■ **What is expected**:
Exactly as written, please repeat the data that follows, but not the pictures.

■ **Raw data**:

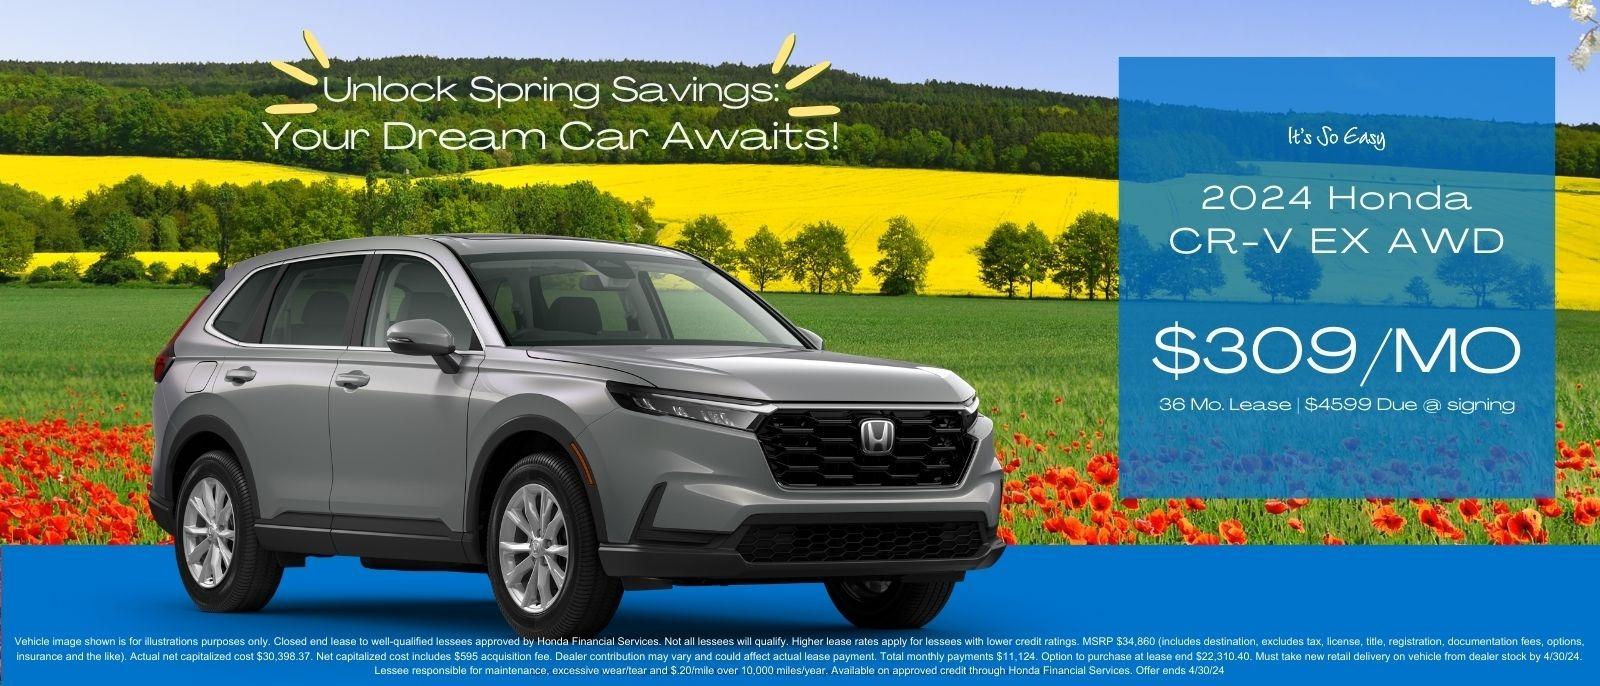 Unlock Spring Savings: Your Dream Car Awaits!

2024 Honda CR-V EX AWD
$309/MO 36 MO. Lease | $4599 Due at Signing

■ **Result**:
 Unlock Spring Savings: Your Dream Car Awaits!

2024 Honda CR-V EX AWD
$309/MO 36 MO. Lease | $4599 Due at Signing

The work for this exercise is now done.